Intermittent Write Performance Issues in TiDB Database

Note:
This topic has been translated from a Chinese forum by GPT and might contain errors.

Original topic: tidb数据库间歇出现写入性能问题

| username: TiDBer_I2NHtzjz

[TiDB Usage Environment] Production Environment
[TiDB Version] 8.1
[Reproduction Path] What operations were performed when the problem occurred
The issue occurs intermittently every day and has not been resolved yet.

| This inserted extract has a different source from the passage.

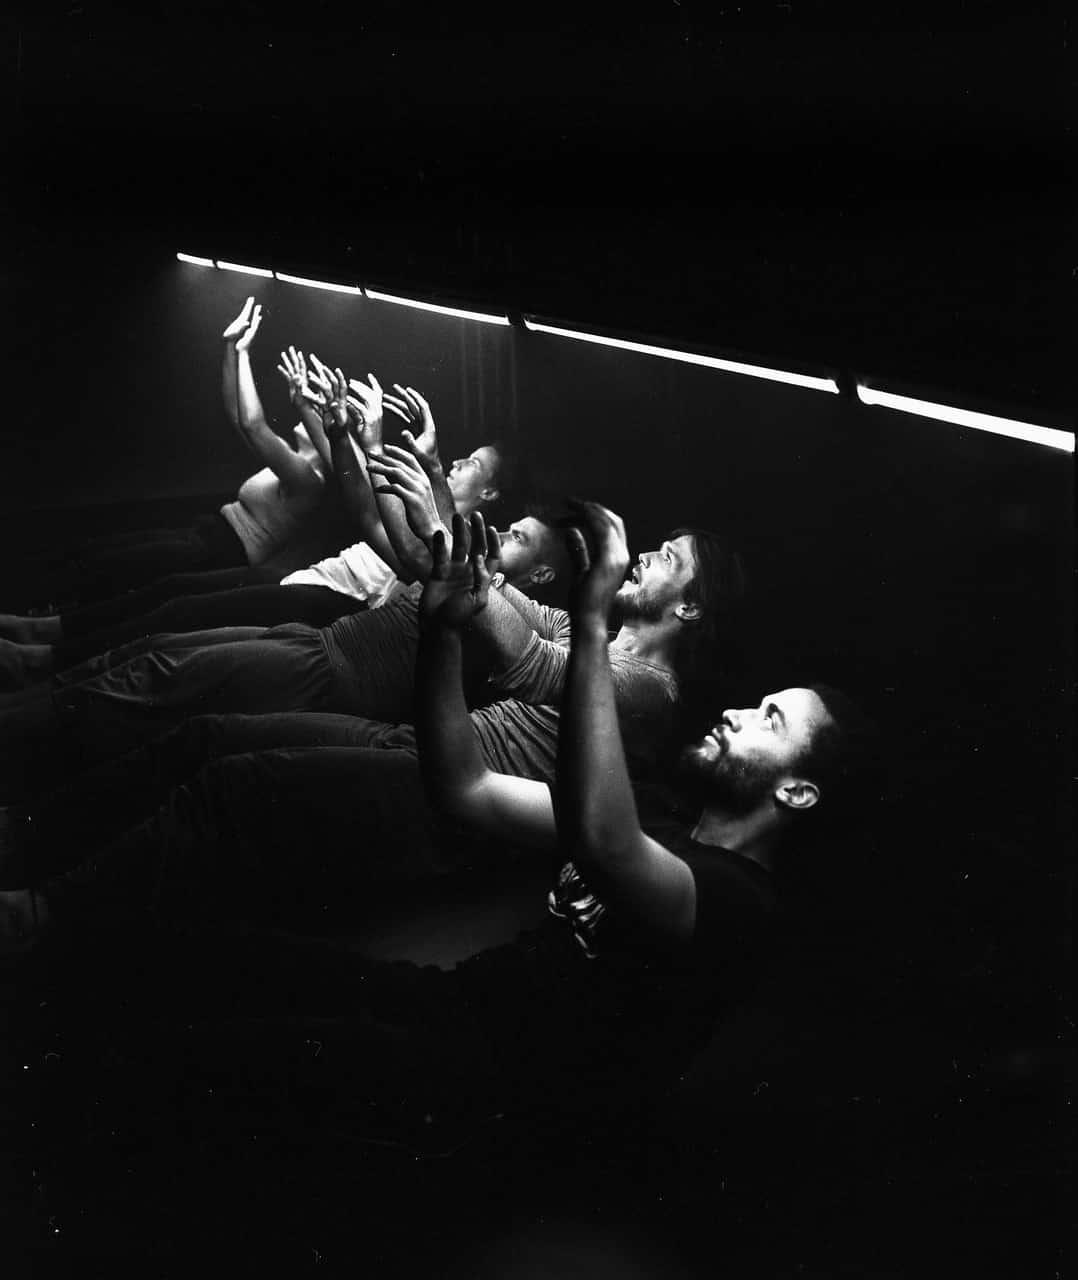 Scena spektaklu. Zdjęcie czarno-białe. Grupa młodych osób lezy koło siebie na podłodze. Wszyscy patrzą w górę. Nad ich głowami co kilkadziesiąt centymetrów widać zapalone świetlówki.

[Encountered Problem: Problem Phenomenon and Impact]
The TiDB database is configured with a total of 9 nodes, 3 PD, 3 TiDBServer, and 3 TiKV (25, 26, 27). Recently, there has been an intermittent write performance issue. When the problem occurs, simple SQL updates take more than 10 seconds to execute. There is no obvious pattern to the fault, and the occurrence time and the SQL execution time are not fixed. Checking the host parameters during the fault, there are no significant changes in CPU, memory, disk IO, or network parameters. Using the “Slow Query” feature in the dashboard, I located the slow SQL updates and found that the time-consuming part is mainly in the “Prewrite phase”. In the logs of node 25 on the dashboard, there is an error at the same time point: “[store 4] async write too slow, write_kv: 0s, write_raft: 14.781872366s, send: 0.000012071s, callback: 0.000010795s thread: store-writer-0”] [takes=14781] [thread_id=136]", which I understand to mean that the raft log write time took 14.7 seconds. Based on this clue, I checked the TiDB parameters on the Grafana system and ruled out several possible causes:

  1. Ruled out short-term performance issues caused by region compression. (The parameters under write Stall kv are normal with no significant changes)
  2. Ruled out write pressure issues caused by uneven region distribution. (The region parameters on the db-bigdata-accdb-Overview panel are normal)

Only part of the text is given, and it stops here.